# SUPPLIED INFORMATION

---------------

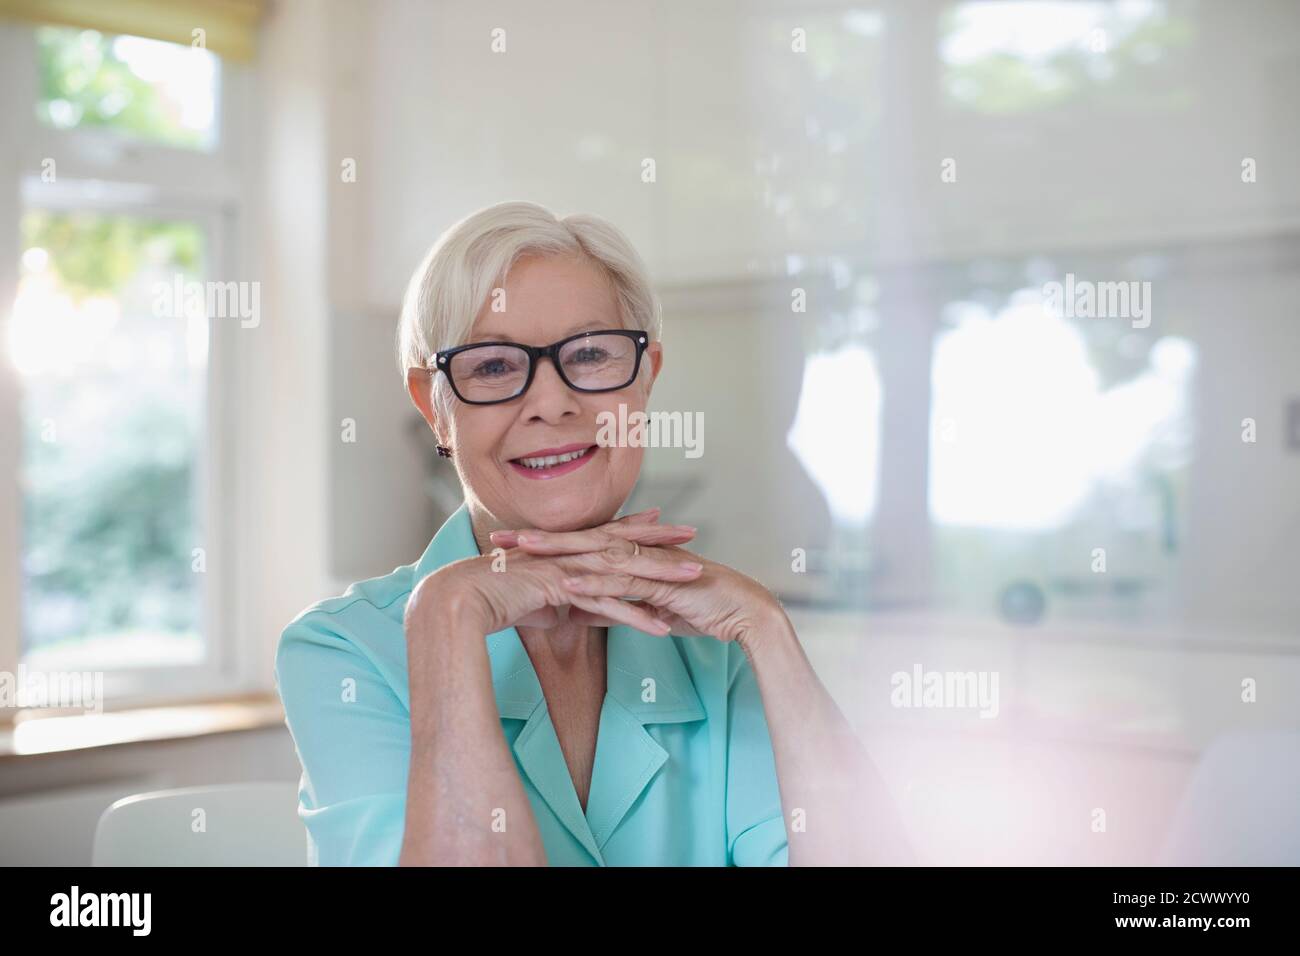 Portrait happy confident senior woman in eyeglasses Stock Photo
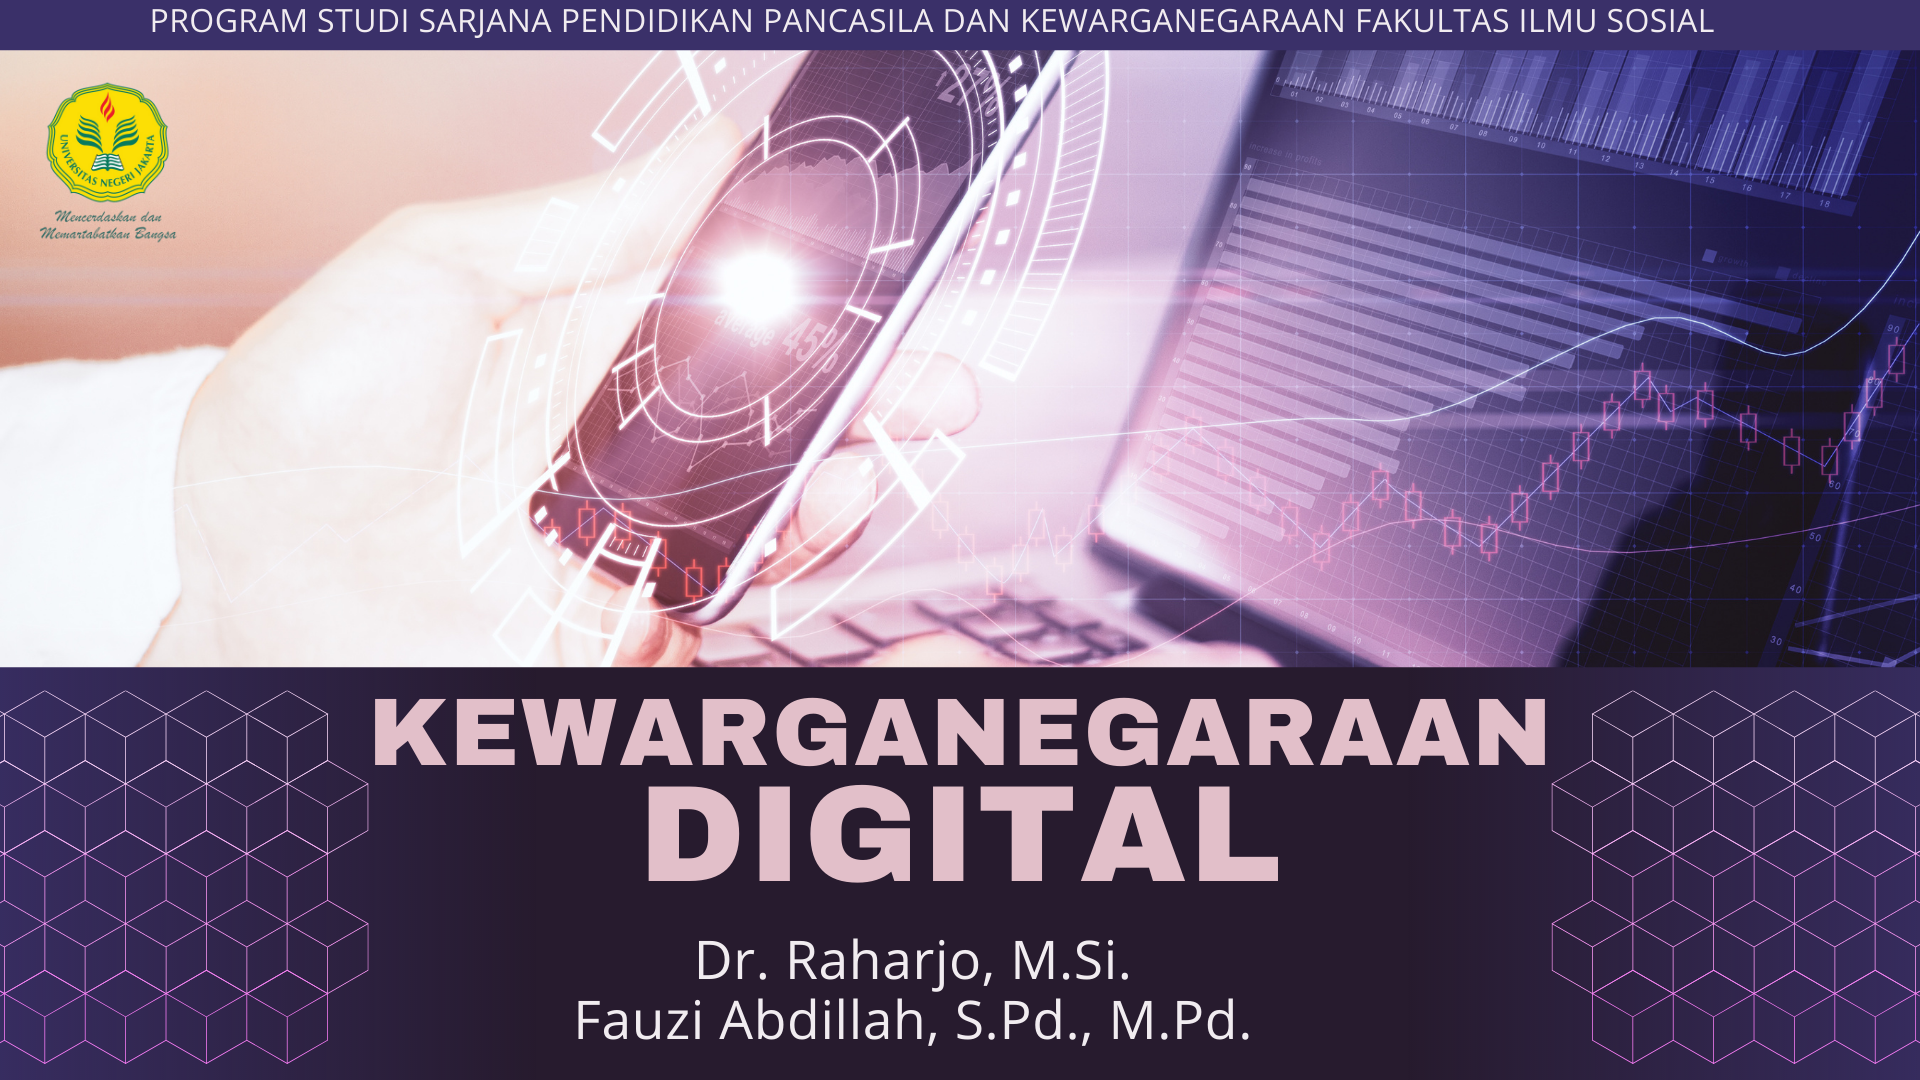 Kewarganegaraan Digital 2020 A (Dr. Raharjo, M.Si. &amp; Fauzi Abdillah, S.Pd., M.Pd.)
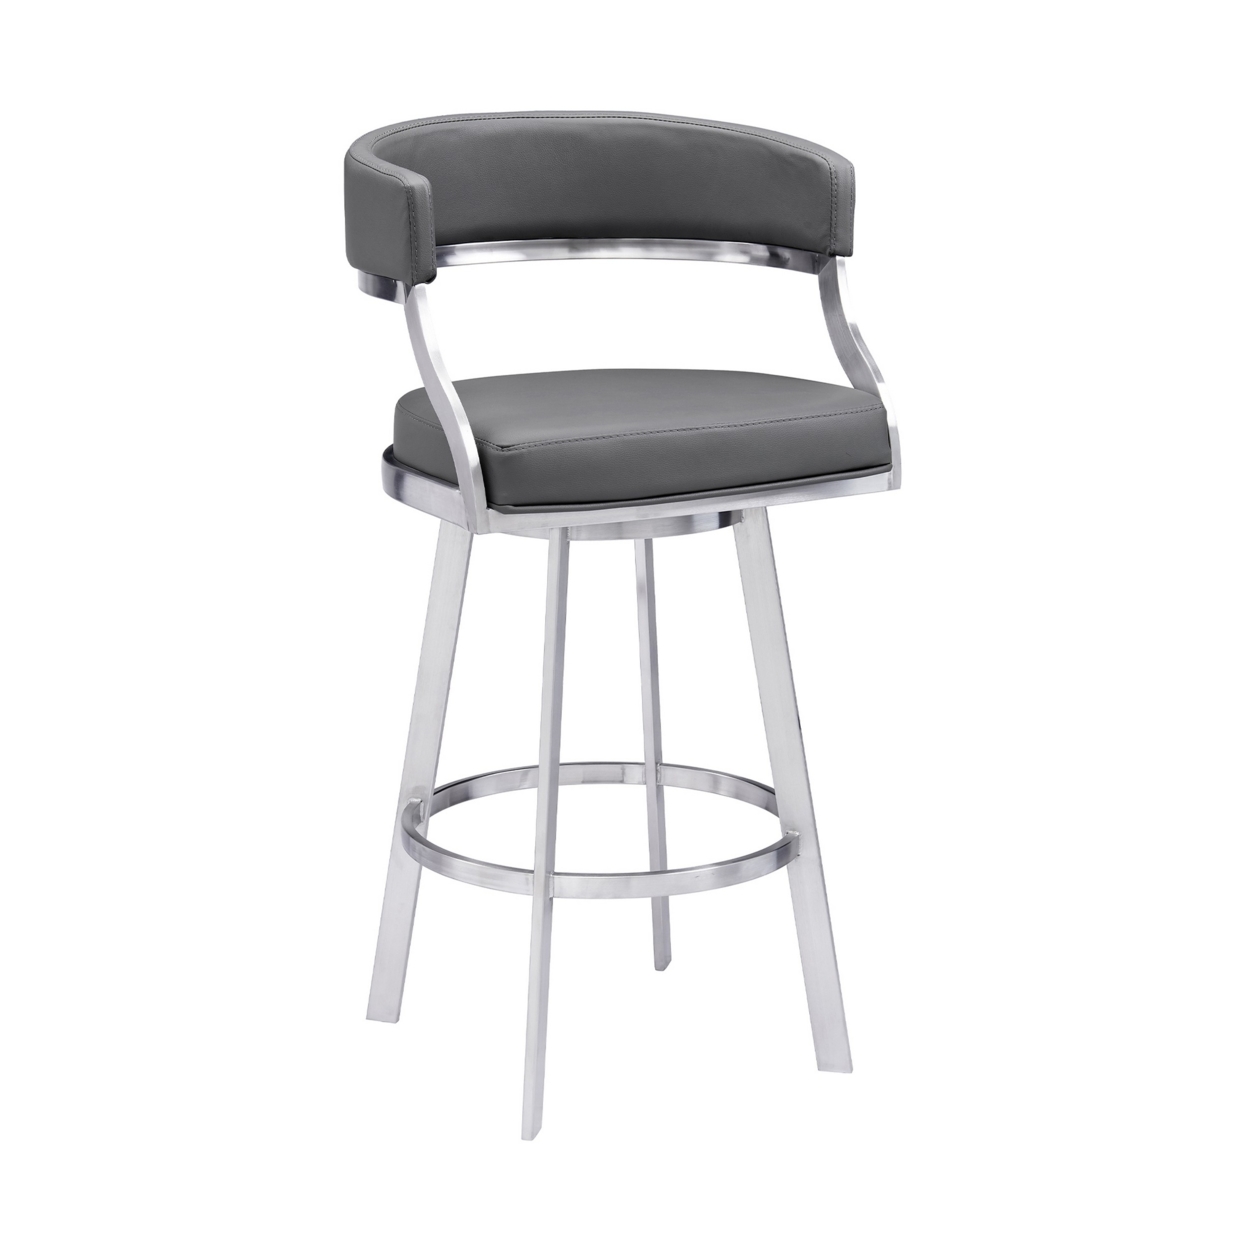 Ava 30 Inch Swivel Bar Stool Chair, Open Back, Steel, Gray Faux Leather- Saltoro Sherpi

---------------

# WORK ITEM
Each line of the material goes into your copy unchanged, but no picture does.

# OUTPUT FOR THIS TASK
 Portrait happy confident senior woman in eyeglasses Stock Photo
 Kewarganegaraan Digital 2020 A (Dr. Raharjo, M.Si. &amp; Fauzi Abdillah, S.Pd., M.Pd.)
 Ava 30 Inch Swivel Bar Stool Chair, Open Back, Steel, Gray Faux Leather- Saltoro Sherpi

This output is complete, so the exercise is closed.